## Prompt
Without including any images, output the listing below exactly.

## Available data
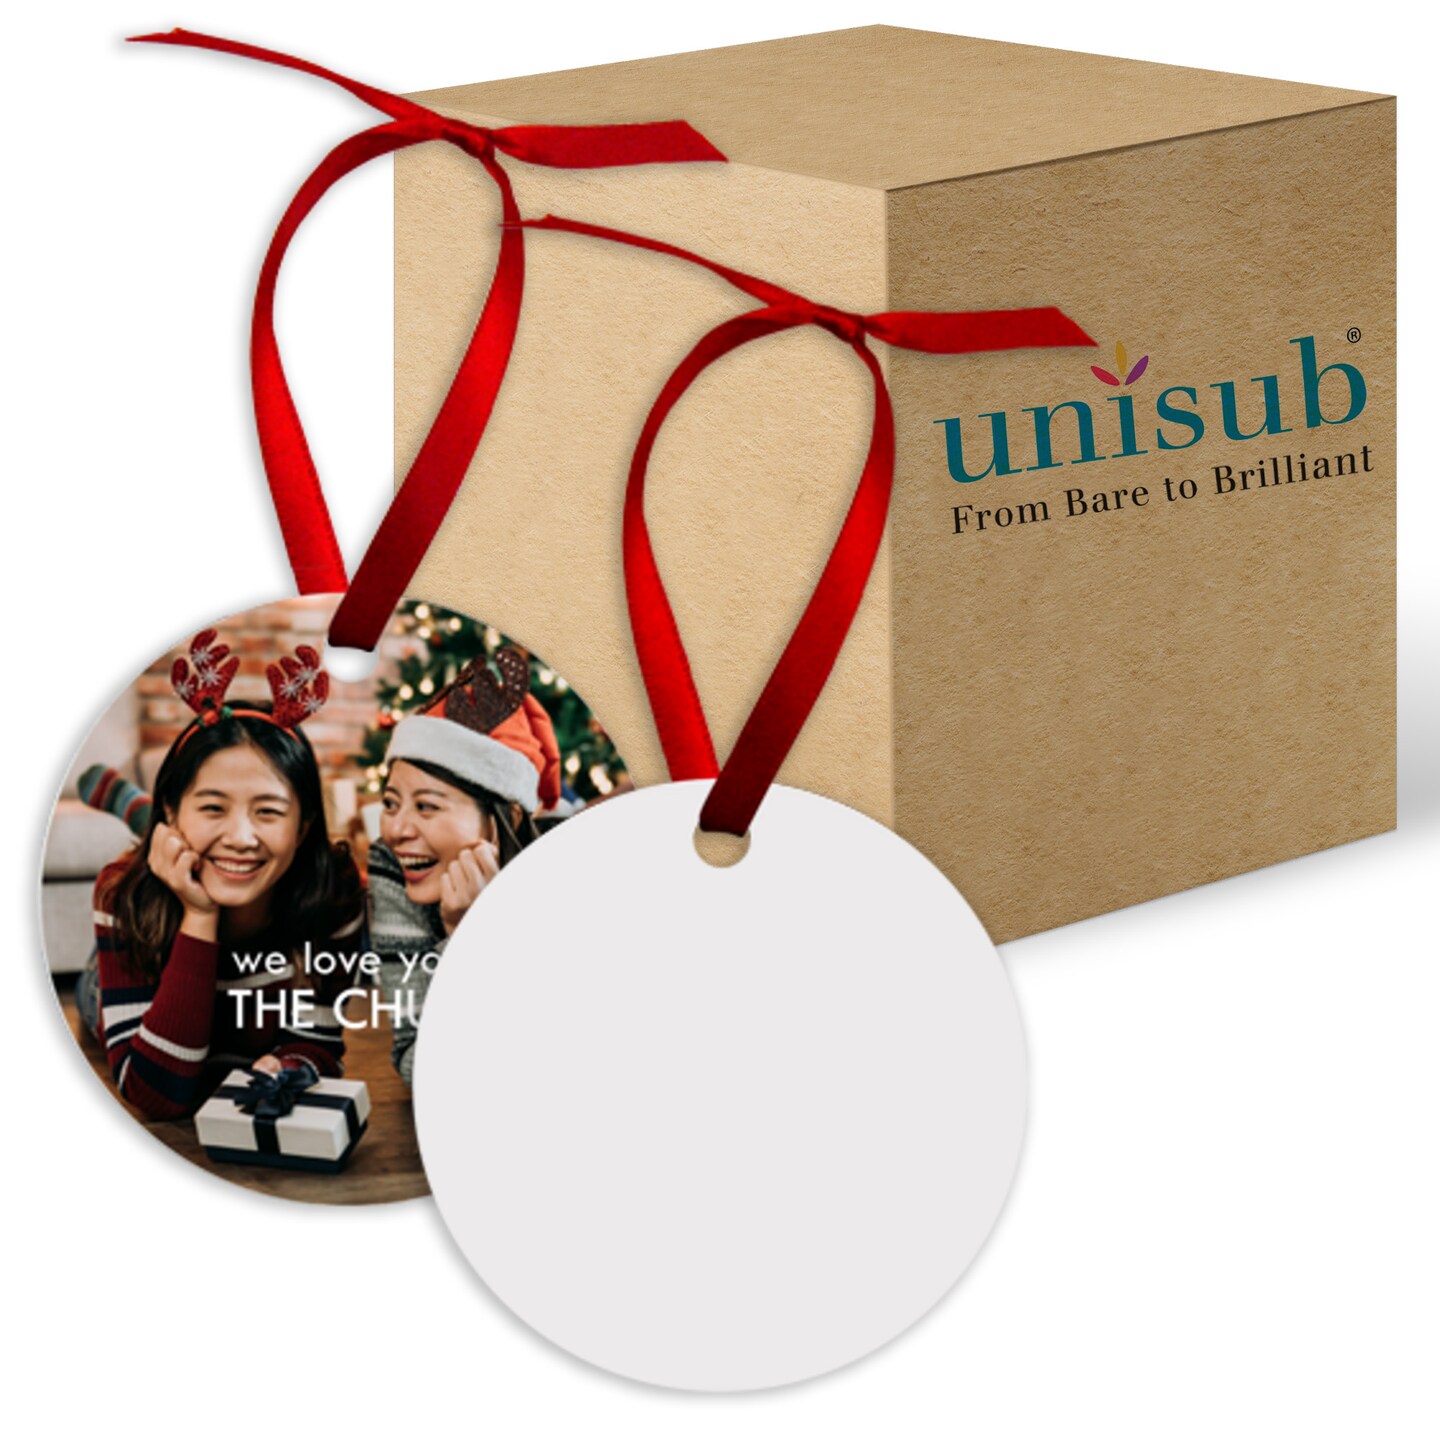 Unisub Round Sublimation Ornaments With White Ribbons White Gloss Coating  For Heat Press Personalized Christmas Sublimation Ornament Blanks For -  2.75 Metallic 1-Sided
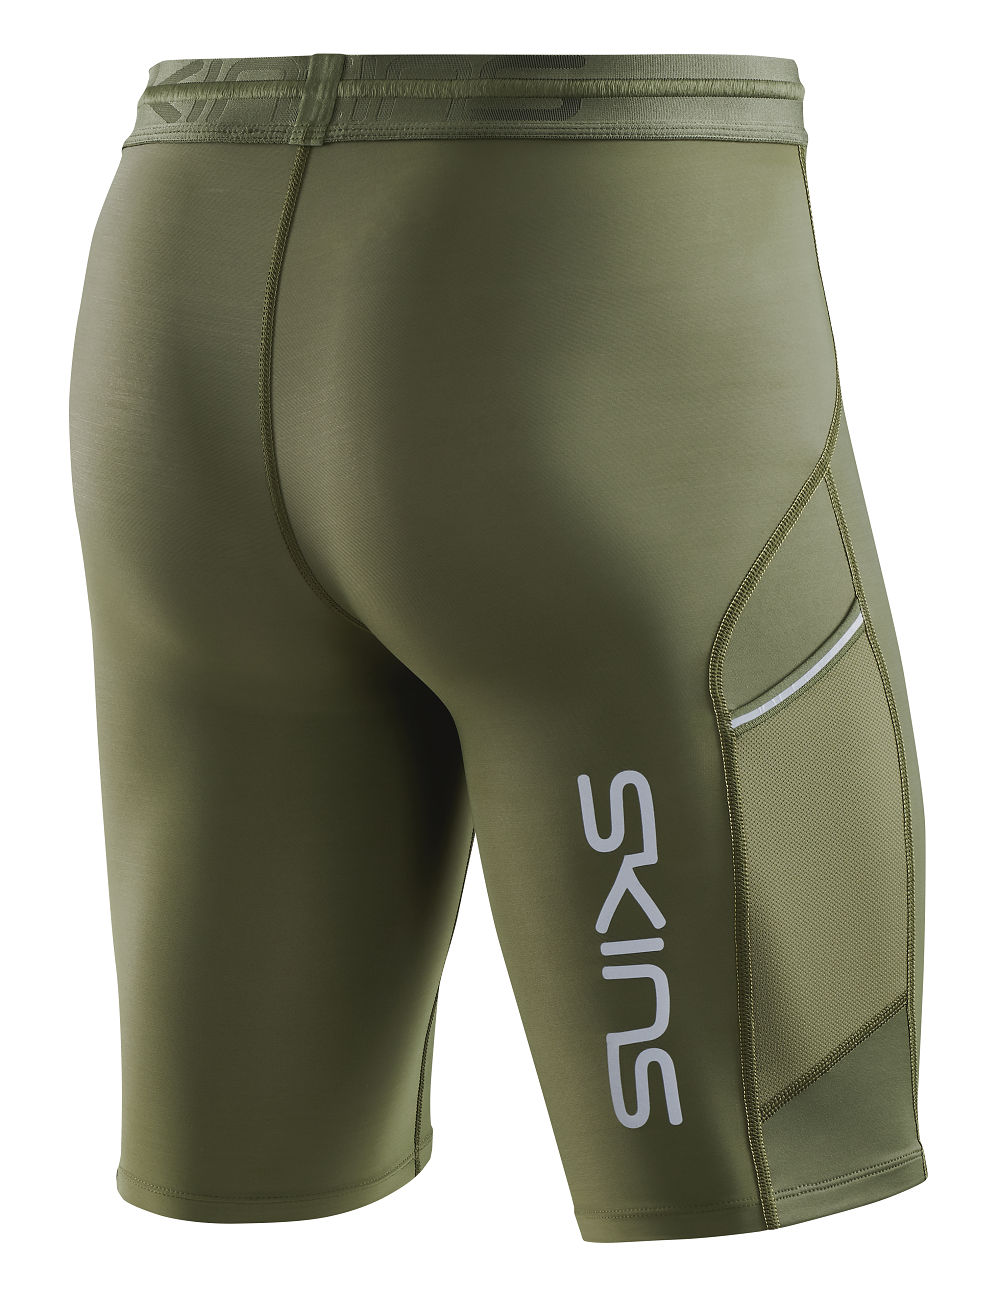 SKINS Men's Compression 400 Long Tights 3-Series - Black/Yellow – Key Power  Sports Malaysia
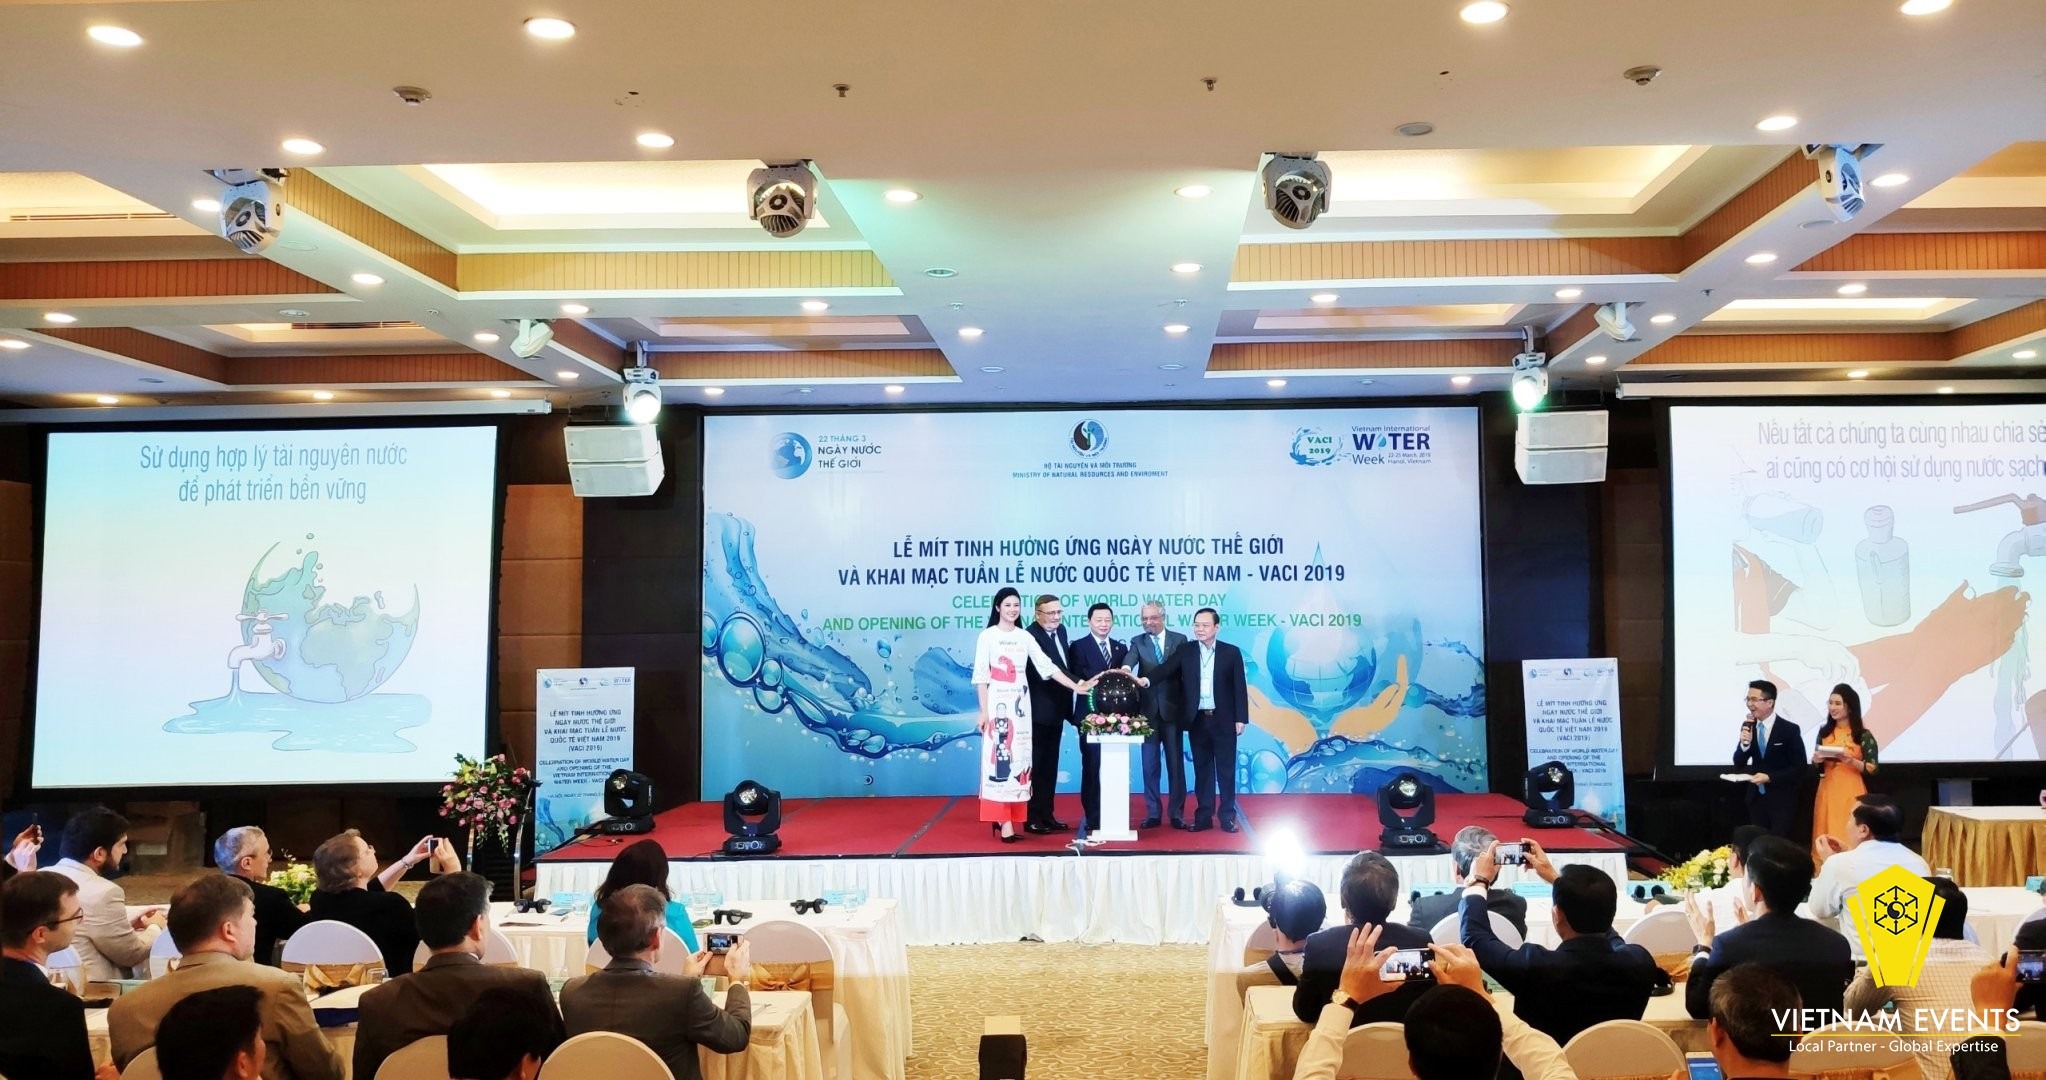 Celebration of World Water Day and Opening of the Vietnam International Water Week 2019
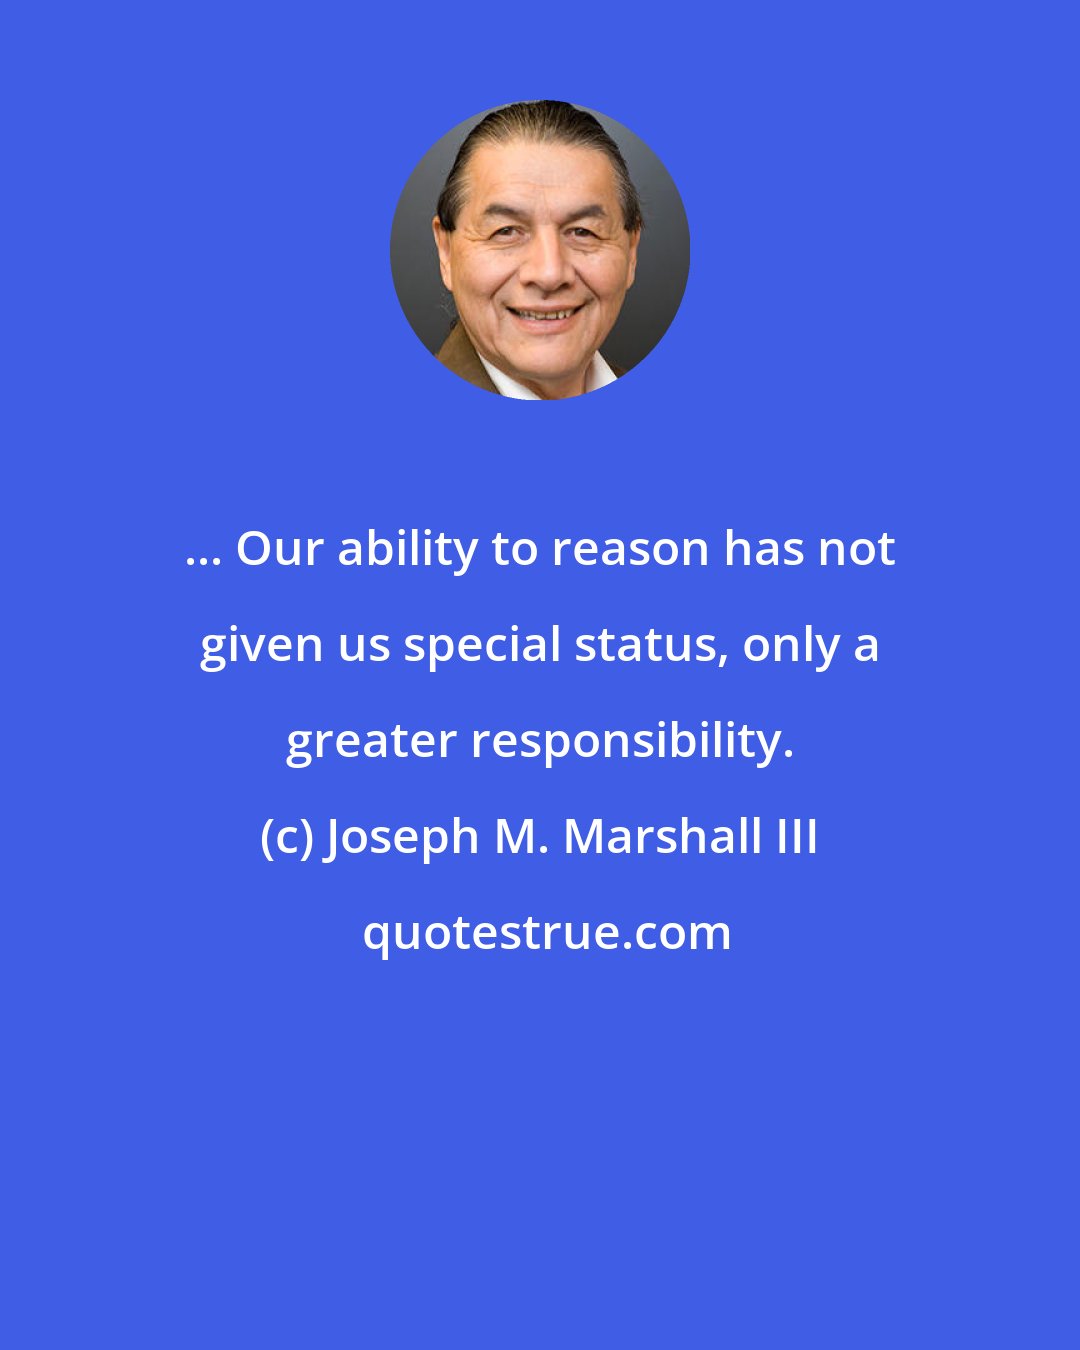 Joseph M. Marshall III: ... Our ability to reason has not given us special status, only a greater responsibility.
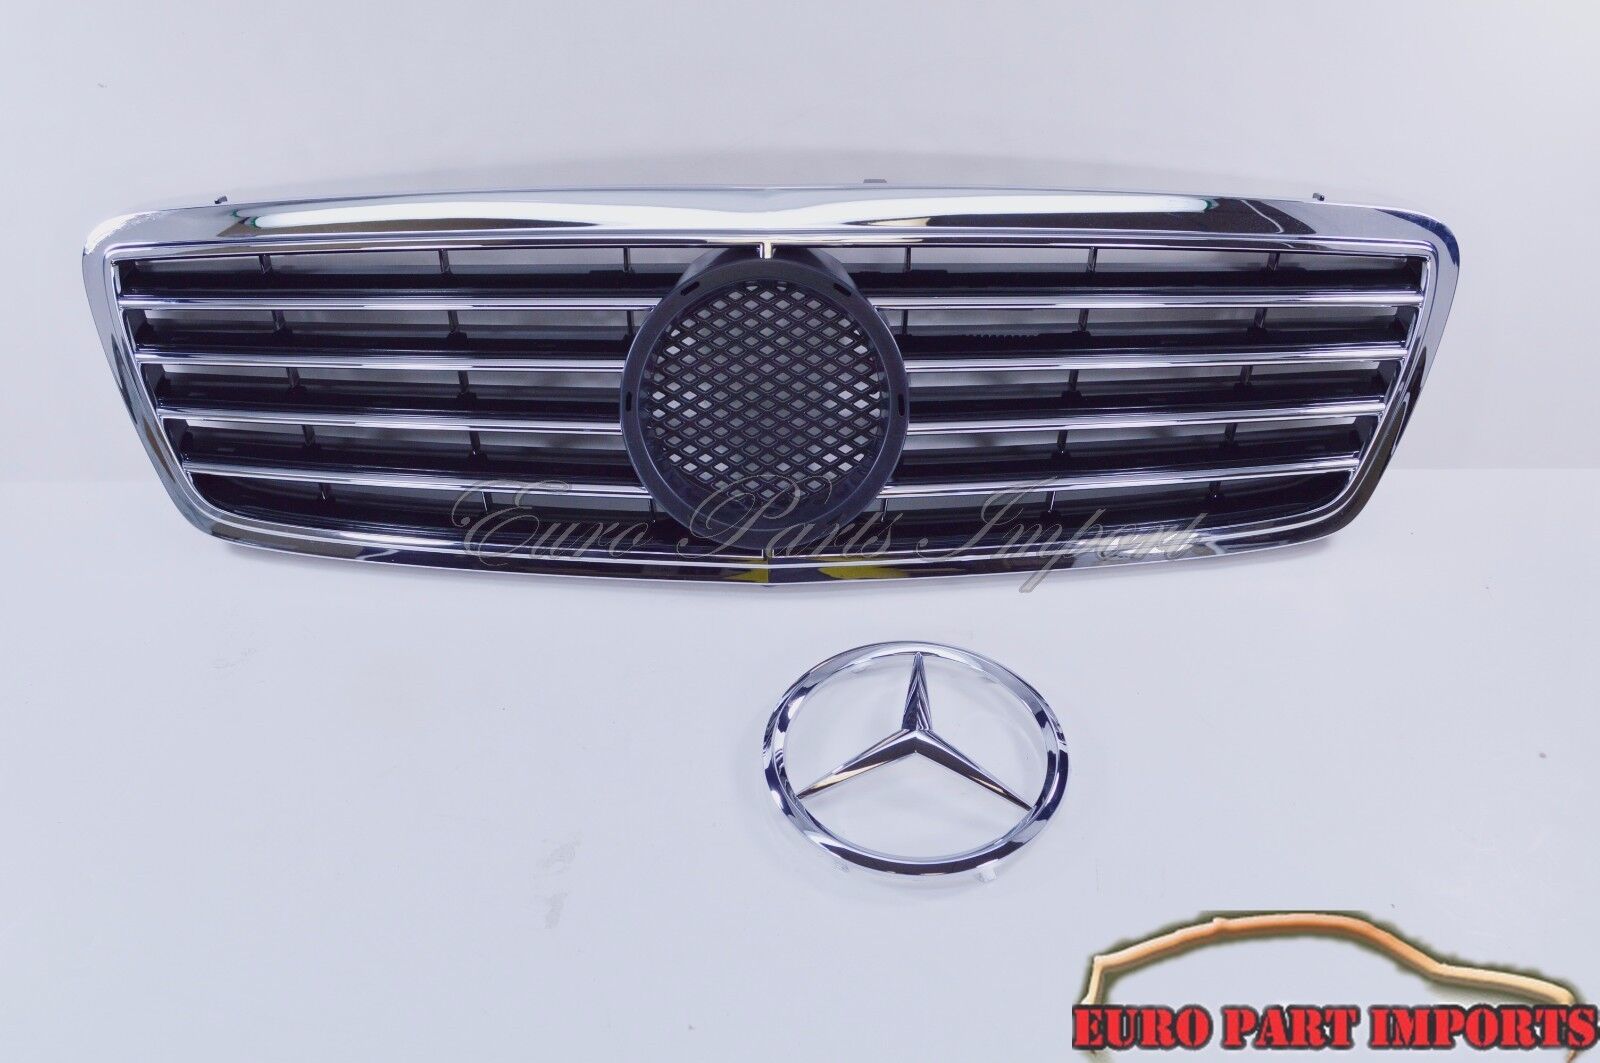 Mercedes-Benz W203 C-Class Front Hood Sport Black Grill Grille germany

## Response box
 Unisub Round Sublimation Ornaments With White Ribbons White Gloss Coating  For Heat Press Personalized Christmas Sublimation Ornament Blanks For -  2.75 Metallic 1-Sided
 SKINS Men's Compression 400 Long Tights 3-Series - Black/Yellow – Key Power  Sports Malaysia
 Celebration of World Water Day and Opening of the Vietnam International Water Week 2019
 Joseph M. Marshall III: ... Our ability to reason has not given us special status, only a greater responsibility.
 Mercedes-Benz W203 C-Class Front Hood Sport Black Grill Grille germany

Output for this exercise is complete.